The Athlon 64 3800+ is the last of what was a huge range of single-core Athlon 64s. It's clocked at 2.4GHz and has 512KB of Level 2 cache - specifications that would have elicited sighs of envy from other CPUs two years ago; today, however, such specs are decidedly weedy. The integrated memory controller supports up to PC2-6400 DDR2 RAM, while the CPU supports 64-bit instructions, SSE3, Enhanced Virus Protection and Cool n Quiet. The latter feature means that the CPU will slow down to 1GHz when no foreground tasks are running, thereby cutting power consumption and heat output.

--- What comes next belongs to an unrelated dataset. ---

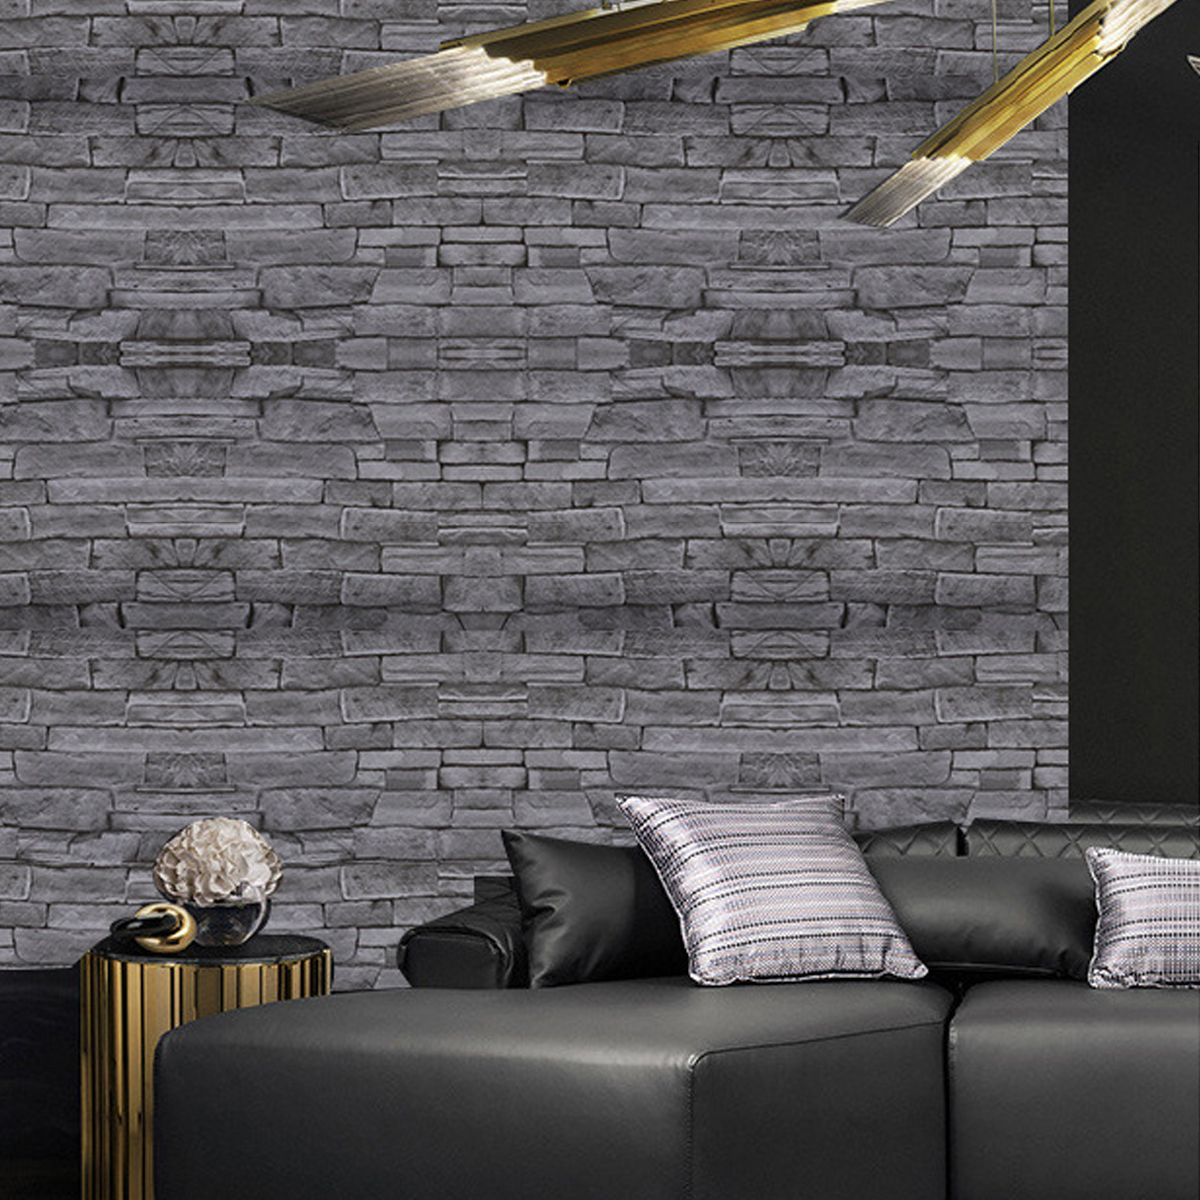 33×1.5ft Brick Peel and Stick Wallpaper PVC Wallpaper ...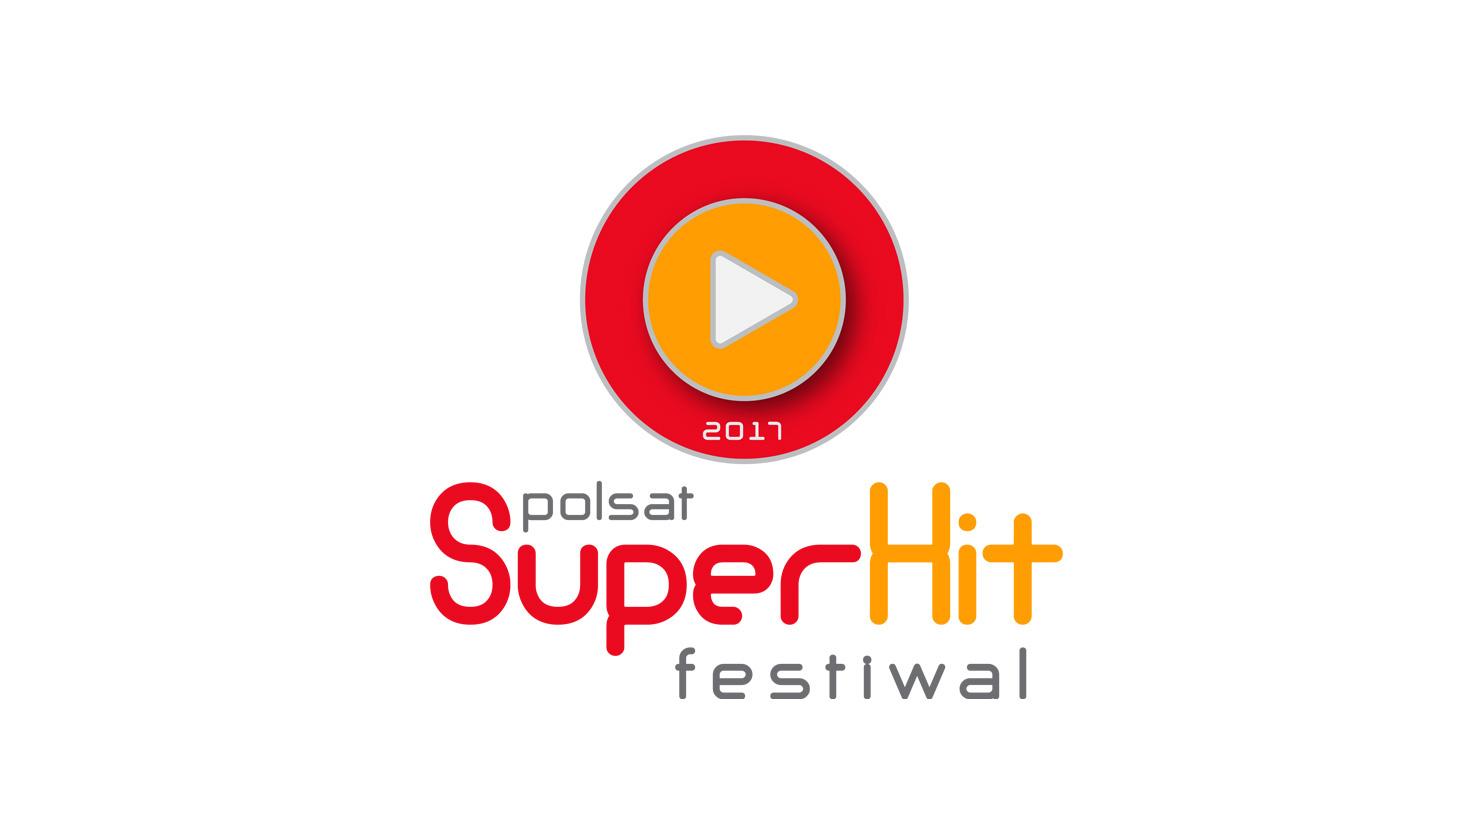 2017-04-25 Polsat SuperHit Festiwal 2017 od 26 do 28 maja

When the Athlon 64 3800+ was first launched, most games weren't sufficiently multithreaded to take advantage of multicore and SMP systems. However, more games are now taking advantage of the prevalence of multicore CPUs. In Supreme Commander, for example, the dual-core Athlon 64 X2 4600+, which also runs at 2.4GHz and has 512KB of Level 2 cache per core, was twice as fast as the Athlon 64 3800+. Other types of applications, such as video encoding, graphics applications and Folding@home, also run much faster on multicore CPUs.
We've passed the point where multicore CPUs provide little benefit, and this can be seen in the single-core Athlon 64's test results. Almost every benchmark we ran on the Athlon 64 3800+ took significantly longer to complete than on the dual and quad-core processors. Given that a dual-core processor will only set you back an extra £7, you'd be mad to buy a single-core Athlon 64 now.